We have most of flexibility of the C# syntax in ClojureCLR, except: if you have generic type definitions, as opposed to constructed generic types (those with type arguments supplied), you must provide the backquote-arity suffixes for all generic type definitions in the nesting hierarchy. For the C# examples given above:
GenParent<,> // Generic type definition
GenParent<int, string> // constructed generic type
GenParent<,>.Child // nested type -- this is also a generic type definition
GenParent<,>.Child.GrandChild<> // nested type -- constructed generic type
GenParent<int string,>.Child.GrandChild<double> // constructed generic type
// etc.
we can write in ClojureCLR:
|MyNamespace.GenParent`2| ;; Generic type definition, backquote-arity required
|MyNamespace.GenParent[int, String]| ;; No need for `2 here
|MyNamespace.GenParent`2+Child| ;; Nested generic type definition; must provide `2
|MyNamespace.GenParent`2+Child+GrandChild`1| ;; Nested generic type definition; must provide `2 and `1
|MyNamespace.GenParent[int,String]+Child+GrandChild[double]| ;; No need for `2 or `1 here
If you introduce type aliases, the same rules apply.
(alias-type GP |MyNamespace.GenParent`2|)
(alias-type GPC |GP+Child|) ;; we know the arity from the alias for GP
We can then refer to
|GP[int, string]| ;; constructed generic type;
|GPC[long, double]| ;; constructed generic type;
|
The triple identity of square brackets
When I first worked with the CLR typename syntax, one thing I found confusing was that square brackets ([
and ]
) are used in three different ways:
- To delimit the list of type arguments to a generic type definition.

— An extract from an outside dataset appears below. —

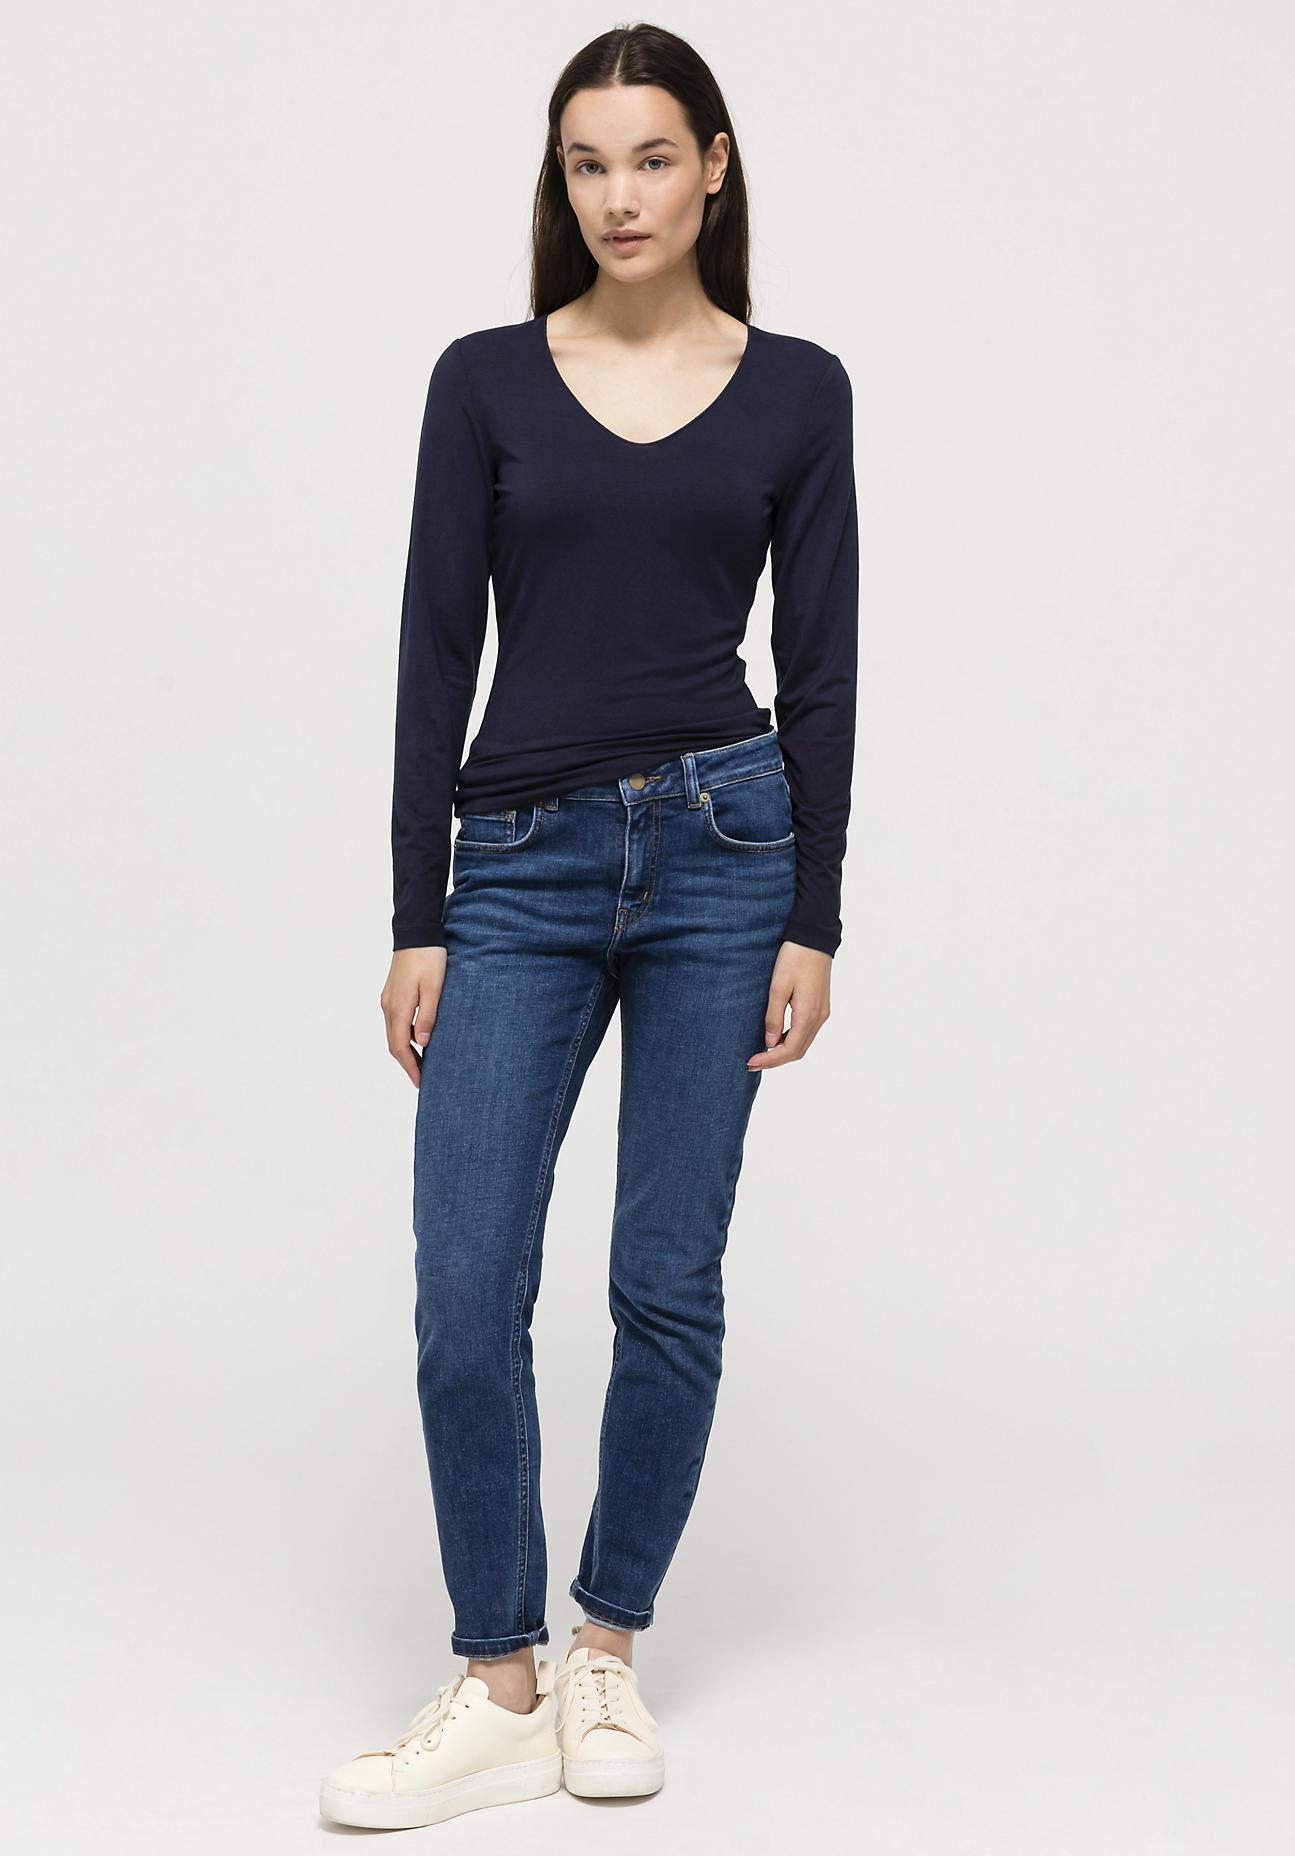 hessnatur Damen Langarm-Shirt aus TENCEL™Modal - blau Größe 36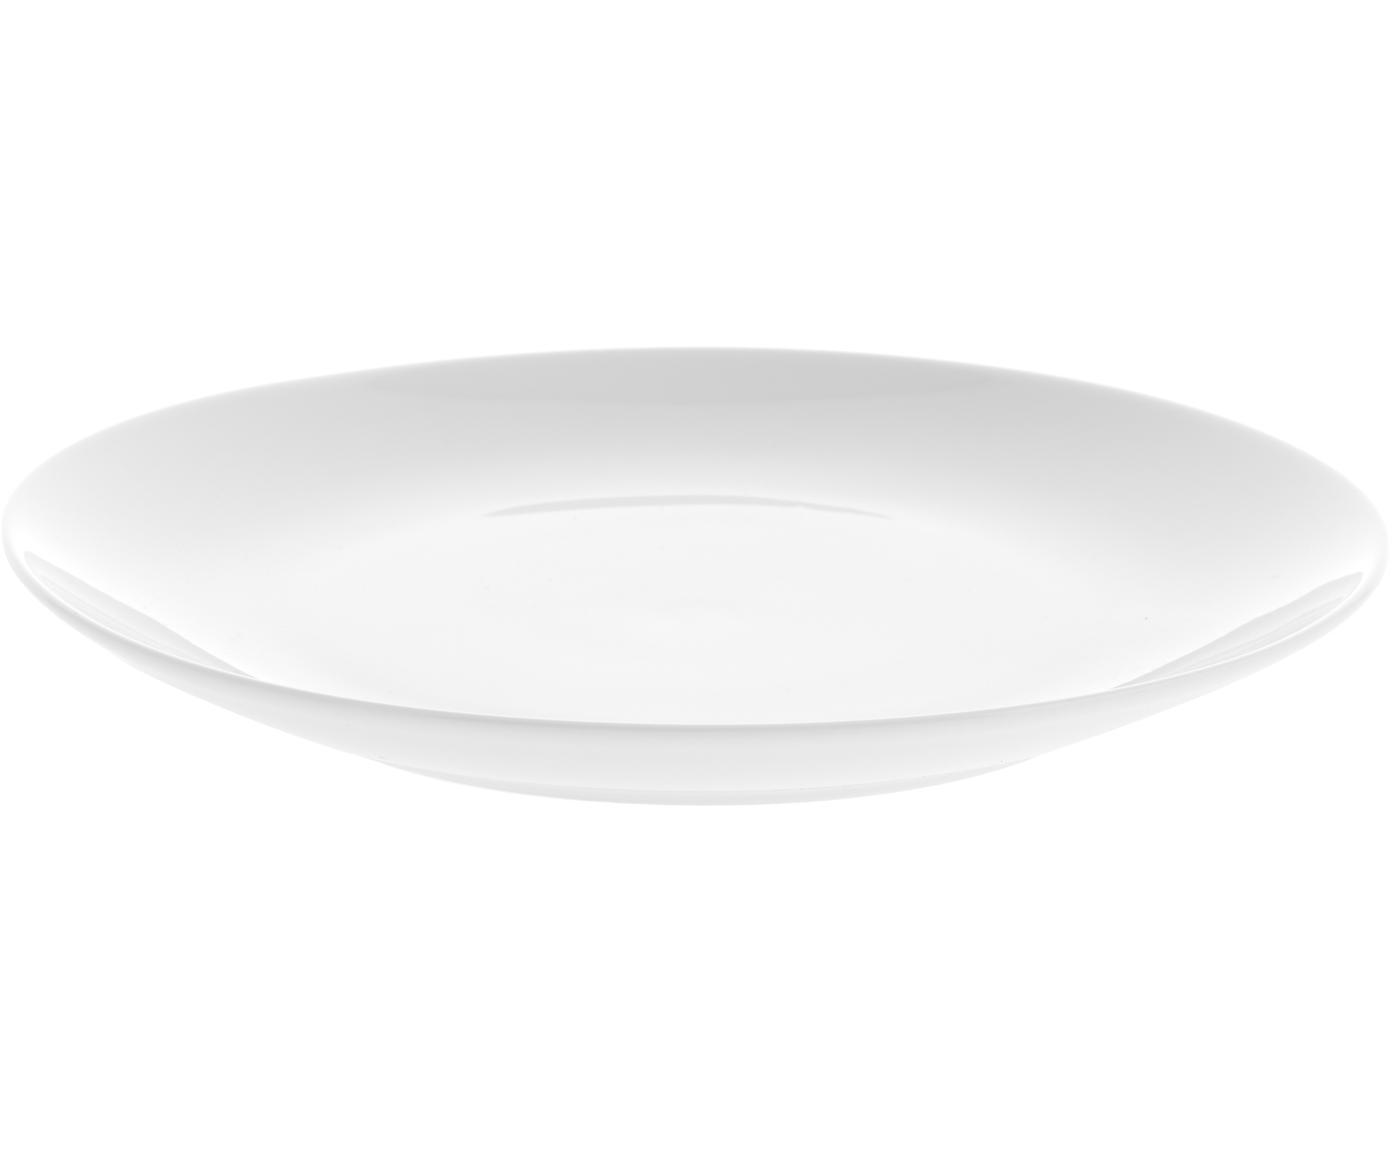 Piattino da dessert Delight Modern 2 pz, Porcellana, Bianco, Ø 20 cm

Example:
Dictionary`2[System.String,System.Int32]
. - To indicate an array type. Example:
System.String[]
is an array of strings. - To delimit assembly names in assembly-qualified type names.
For the last case, you do not need brackets around the string if the assembly is for the top level name, such as
System.String, mscorlib, Version=4.0.0.0, Culture=neutral, PublicKeyToken=b03f5f7f11d50a3a
The comma after System.String
indicates that an assembly name follows. However, if you are supplying an assembly name for a generic type parameters, you need the brackets. Example:
System.Collections.Generic.List`1[[System.Int64, System.Private.CoreLib, Version=9.0.0.0, Culture=neutral, PublicKeyToken=7cec85d7bea7798e]], System.Private.CoreLib, Version=9.0.0.0, Culture=neutral, PublicKeyToken=7cec85d7bea7798e]
which is deconstructed as
typename[ ...type argument ... ], ...assembly-specifier
(note: not brackets around this), and where the type argument is
[typename,assembly-specifier]
(Note the brackets.)
I hope you never have to deal with nested generic types and assembly-qualified names.
Conclusion
I hope this has been helpful in understanding the improvements to typename syntax and resolution in ClojureCLR. I think these changes make type referencing more pleasant to use and easier to understand.